Wednesday, June 19, 2013

Stories convey emotions of care for patients, doctors

































I'm in London, UK at a conference by the International Network of Narrative Medicine about the power of storytelling for patients and families and the doctors, nurses and therapists who work with them.

This morning on the hotel elevator I bumped into two attendees from Brazil. One is a psychiatrist who coordinates a graduate medical school program in Brazil. The other is a theatre actress working with this medical school to develop simulations to promote empathy in professionals.

The psychiatrist told me that the medical training there is very technical and they want to infuse it with storytelling that can build understanding. She noted that stigma in Brazil makes people with mental health issues (her field) invisible and I noted how this is a similar issue with disability.

Dr. Rita Charon, the founder of the Columbia graduate program in narrative medicine, opened the day by recognizing "the commitment and potential of our work in narrative medicine to change the face of health care" by making care "full, respectful, attentive and hearing." She said that professionals have a kind of wisdom that comes from being so near to illness and death. And she noted that the human body -- with the same organs no matter who you are or where you live -- is a unifying force.

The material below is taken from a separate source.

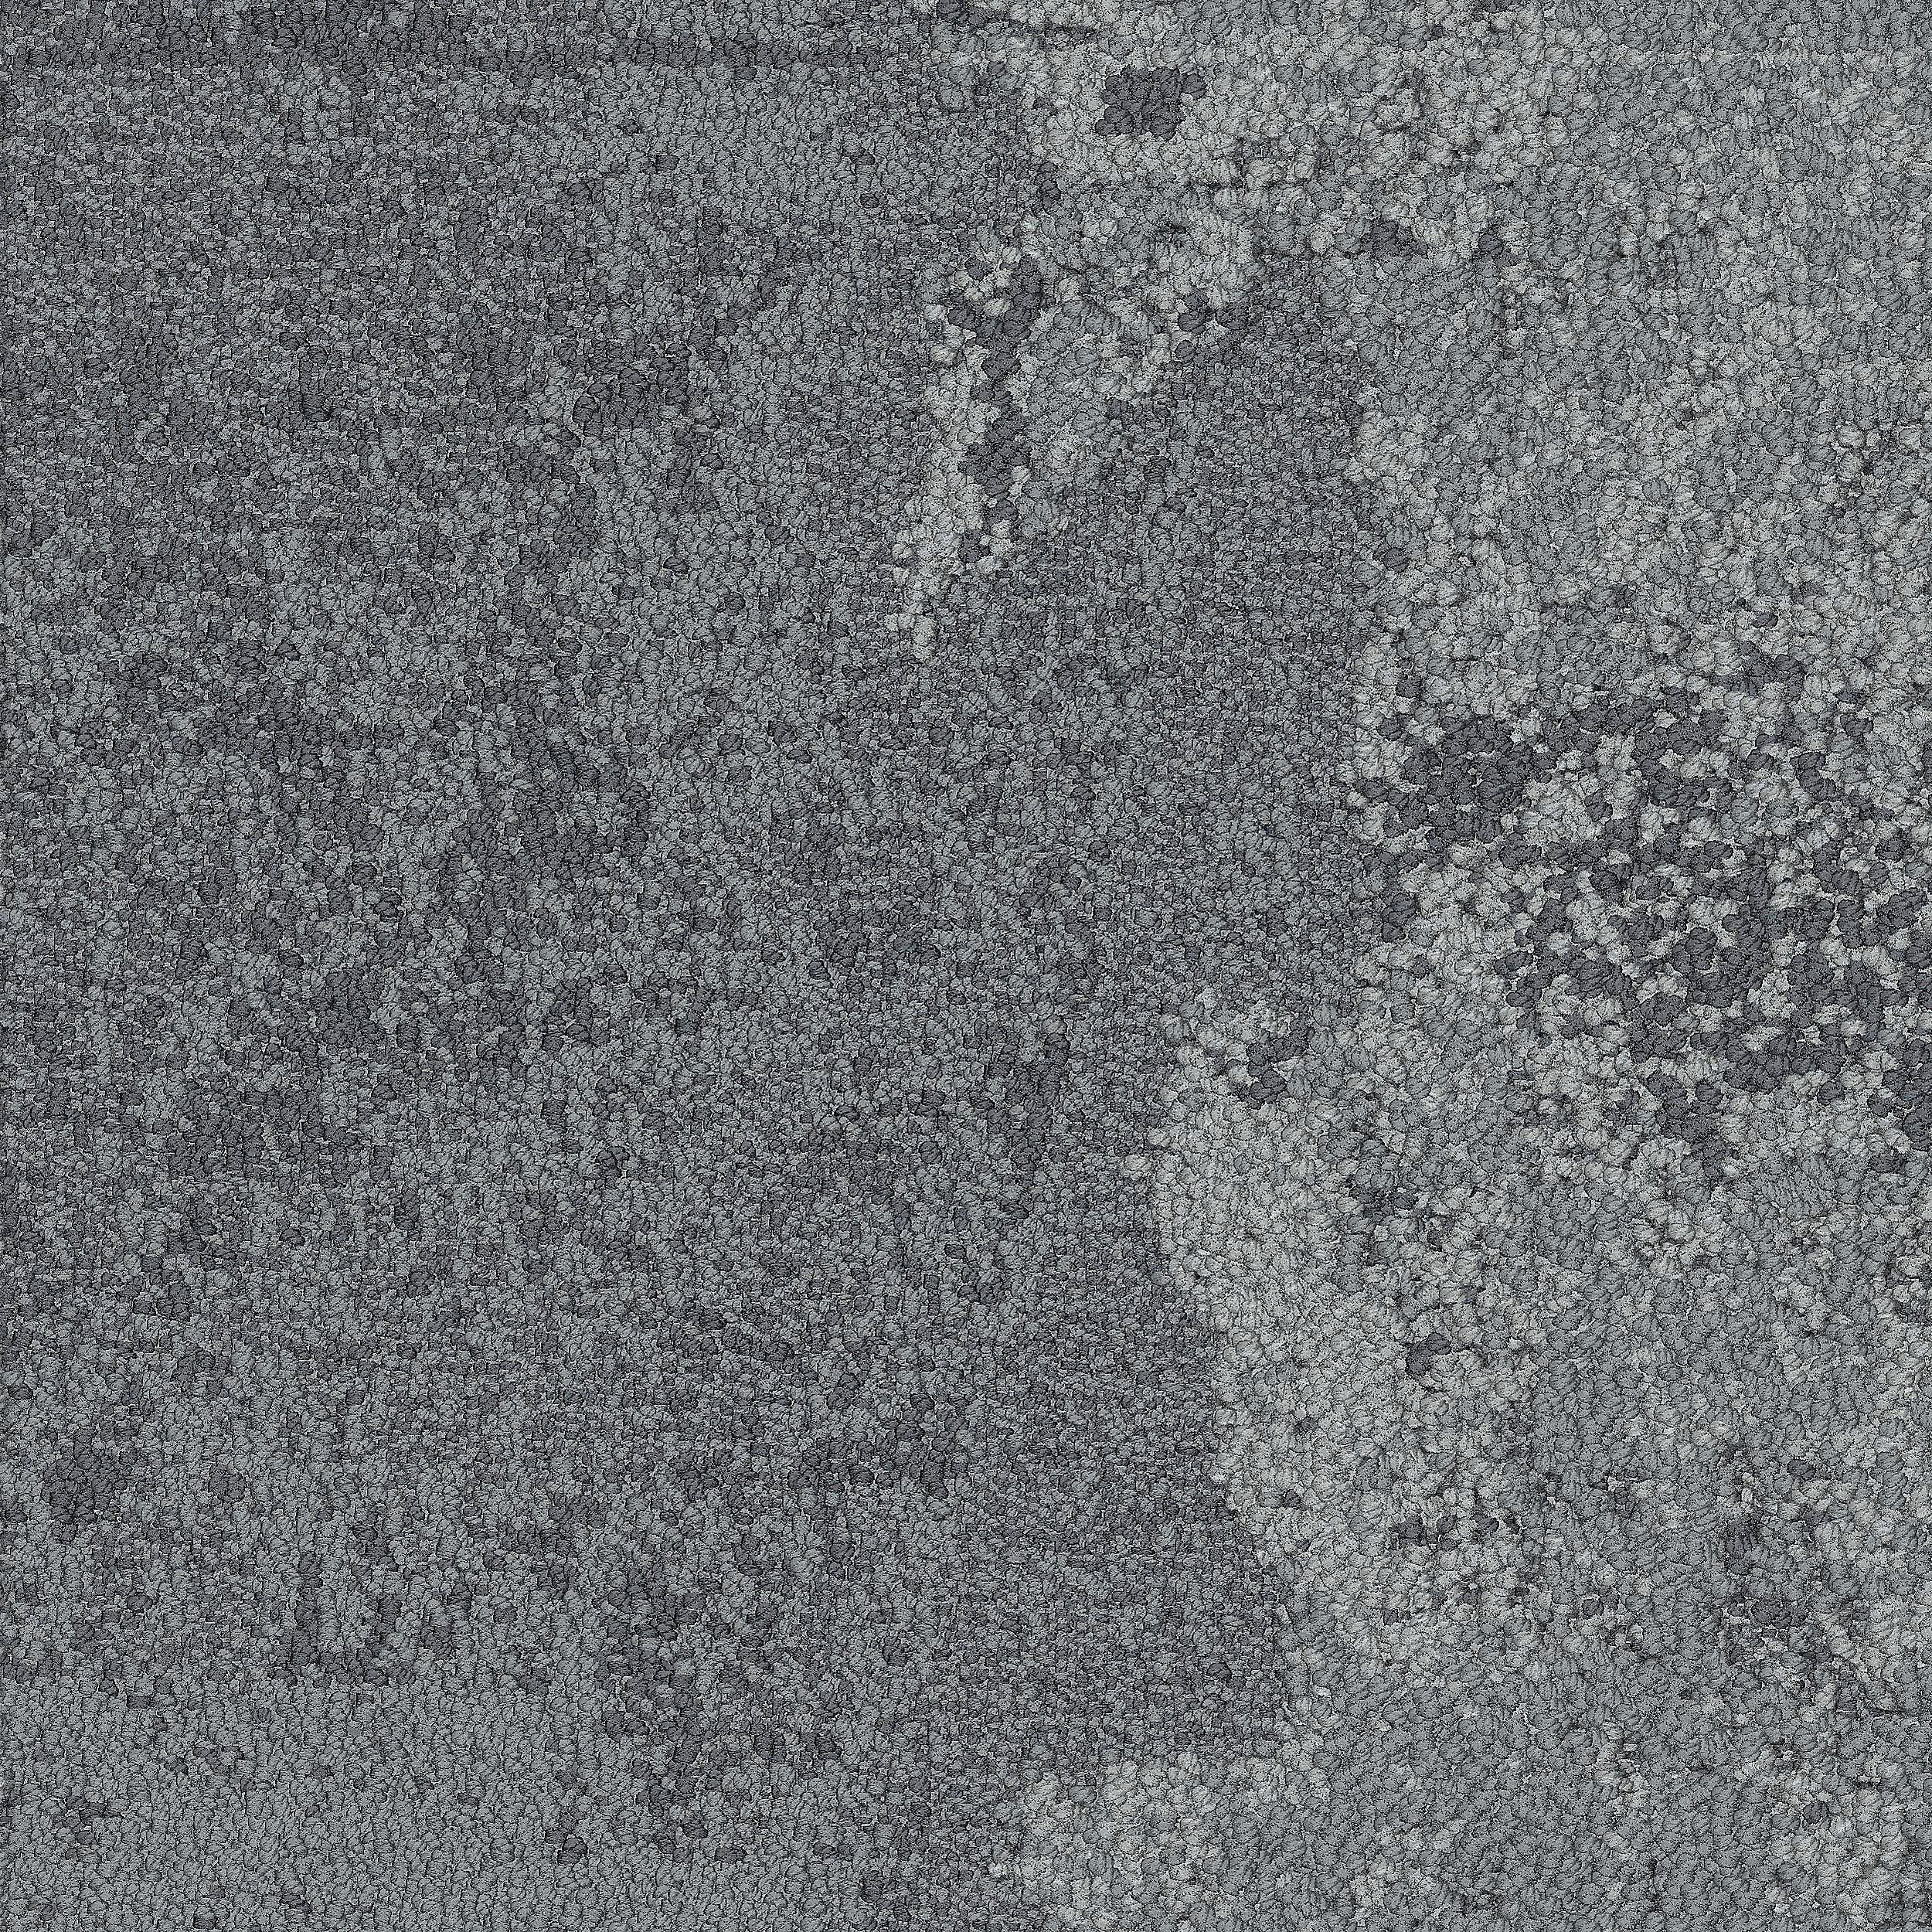 Interface Net Effect B602 North Sea 332913 Net Effect

The keynote was given by David Small, author of Stitches, a graphic memoir which was a finalist for the National Book Award. It's the story of his harrowing childhood with a depressed mother who took out her fury on her sons; being diagnosed with thyroid cancer at age 15, which seemed to be a physical manifestation of his mother's silencing of him as a person; and a surgery that left him initially speechless and then regularly without a voice. His saviour came in the form of a psychoanalyst who provided the wisdom and love over years that his mother couldn't. Small talked about how the body often expresses what our minds can not.

He wrote and illustrated his book, he says, "because at age 52 I still felt like a troubled boy of 14 or 15, but I didn't want to go there alone. I needed more psychoanalysis" but he lived on a prairie in Michigan far from health care. So he attempted to adopt his analyst's attitude himself, "staying still and listening patiently and empathizing with my story, without getting too involved."

This afternoon I attended a workshop about how narrative medicine is being weaved into the medical curriculum in Argentina, the United States, Britain and Israel.

One powerful image was a comic strip that was shared with students. It was created by a couple who are both doctors and who had a premature baby with many medical problems. I couldn't understand the Spanish captions, but the pictures conveyed the sense of this couple being rendered powerless by the technology in the neonatal intensive care unit.

The Argentinian speaker noted that students are presented with a case of a child with a medical condition and then asked to write stories from the perspective of the patient, parents, siblings and physician. Many of the exercises are aimed at getting students to learn how to see different points of view.

A physician from Paris talked about how medical students rated their satisfaction higher when asked to do reflective writing about their clinical experiences than when asked to read scientific articles about narrative medicine.

A psychologist from the medical school at Brown University described the goal of narrative medicine for students as "thinking about thinking and developing a reflective professional self."

She noted that reflection is "not necessarily intuitive" and needs to be taught. Students write about their experiences and receive feedback from peers and faculty.

The goal is to expand their perspective from "doing the work of a physician" to "being a physician" and "attending to the emotional process of becoming a doctor."